At the moment, Stringer probably simmers with more City Hall ambition than Díaz or Jeffries. Díaz genuinely enjoys being Bronx borough president and could mount a serious mayoral bid in 2021 when de Blasio will be term-limited out of office, or even run for comptroller if Stringer challenges de Blasio. Jeffries is a top Hillary Clinton surrogate with an interest in climbing the Washington, D.C., ladder. Stringer was running for mayor in 2013 until a crowded field and sagging poll numbers forced him to take the consolation prize of city comptroller. He only kept it after surprising many political observers by besting Eliot Spitzer, the disgraced former governor known for his burning intellect, in a vicious primary.

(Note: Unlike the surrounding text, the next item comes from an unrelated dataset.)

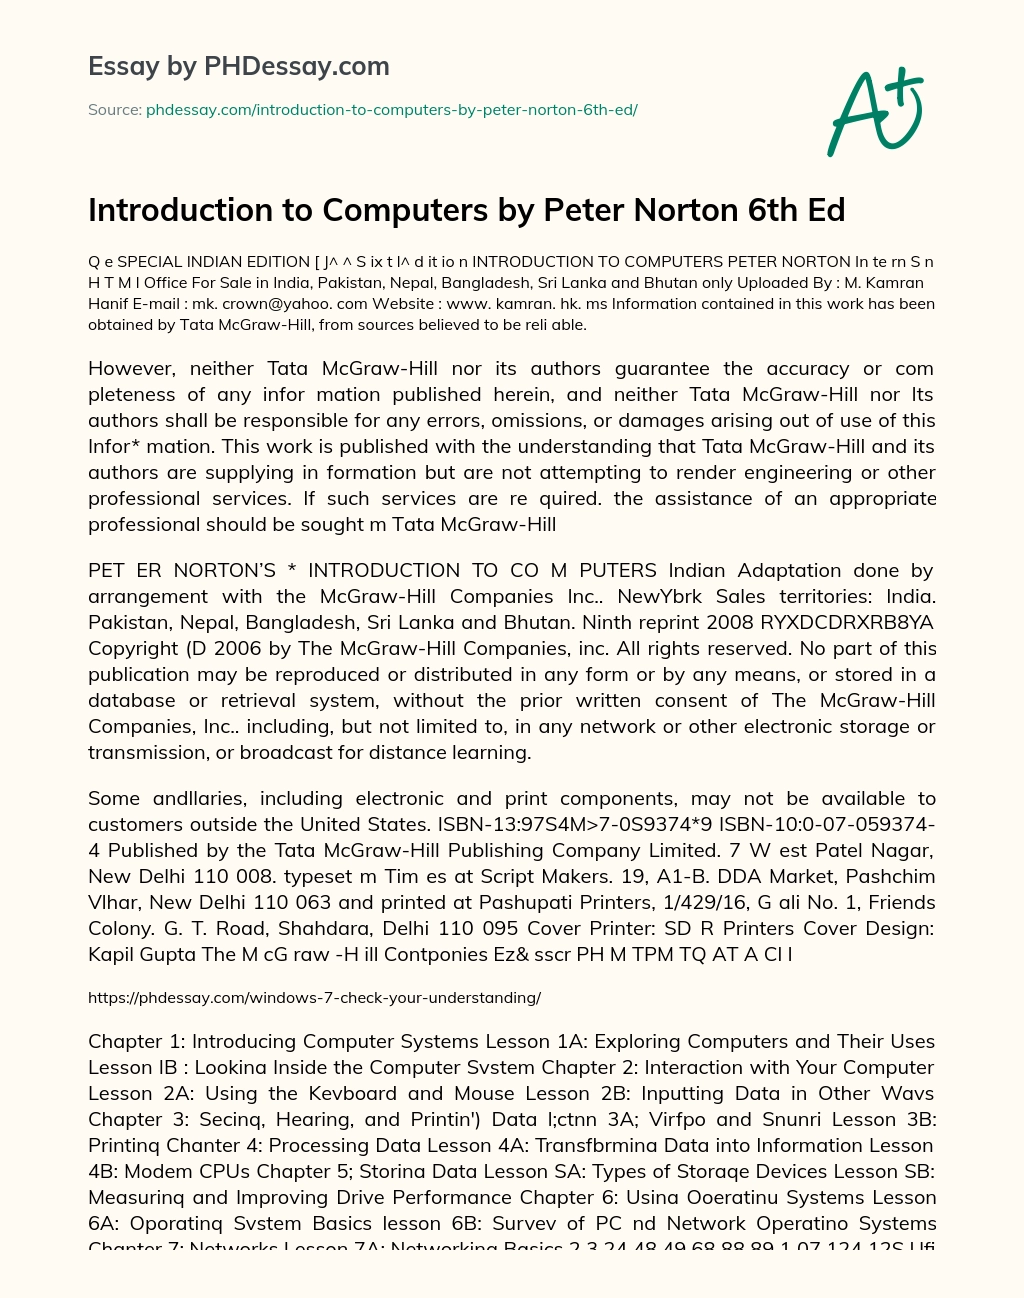 Introduction to Computers by Peter Norton 6th Ed essay

This doesn’t mean Stringer will ultimately take the plunge. Those who know the comptroller say he is waiting to see how the various investigations into de Blasio’s fundraising for State Senate candidates, his interactions with anti-horse carriage donors, and an alleged straw-donor scheme play out — and whether the mayor’s poll numbers take a further hit.
“Stringer’s the most politically active guy of the group looking to run next year,” said Bradley Tusk, who managed Michael Bloomberg’s 2009 reelection bid. “He probably occupies the right space in that he is liberal enough that he won’t be off-putting to labor — and he can win business support.”
Tusk, who is unaffiliated with Stringer and has made it known he wants de Blasio dethroned, released a poll last week that showed de Blasio in an effective tie with Stringer, leading 41–40 percent. Tusk is also working with the Patrolmen’s Benevolent Association to find a candidate to run against the mayor. The PBA has met with Stringer and Díaz in the past two weeks, according to The Wall Street Journal. (The Journal’s Josh Dawsey also first reported the Stringer fundraiser on Tuesday night.)
One advantage Stringer has over Díaz and Jeffries is a large orbit of loyalists in the public and private sector that has been privately compared to a “Ready for Hillary” operation. They include Audrey Gelman, his former press secretary; Micah Lasher, attorney general Eric Schneiderman’s former chief of staff and a candidate for State Senate on the Upper West Side; Amy Rutkin, Rep. Jerry Nadler’s chief of staff; and Camille Joseph, deputy comptroller for public affairs and Anthony Weiner’s former campaign manager. Any 2017 bid would also likely involve Anson Kaye, a Hillary Clinton ad-maker and top strategist on Stringer’s comptroller campaign. At the center of it all, there’s Sascha Owen, Stringer’s current chief of staff and former campaign manager.
There are real risks to running against de Blasio, and he still could draw no significant Democratic challengers. As an incumbent, he boasts higher name recognition than Stringer, and he remains close to the powerful labor unions who determine the course of many municipal elections. Unless de Blasio is gravely weakened, his labor allies are unlikely to defect and will unite against Stringer. The stakes are high — if Stringer were to challenge de Blasio next year and lose, he’d be out of a job and a pariah in de Blasio’s New York.
“Mayor de Blasio expanded pre-K for every 4-year-old and raised wages for tens of thousands of workers. Crime is at record lows, jobs are at a second high, and New York City is building affordable housing at a record pace,” said Dan Levitan, a spokesperson for de Blasio. “Those are the results he will be judged on, and that is what his reelection campaign will be about.”
A spokesperson for Stringer declined to comment.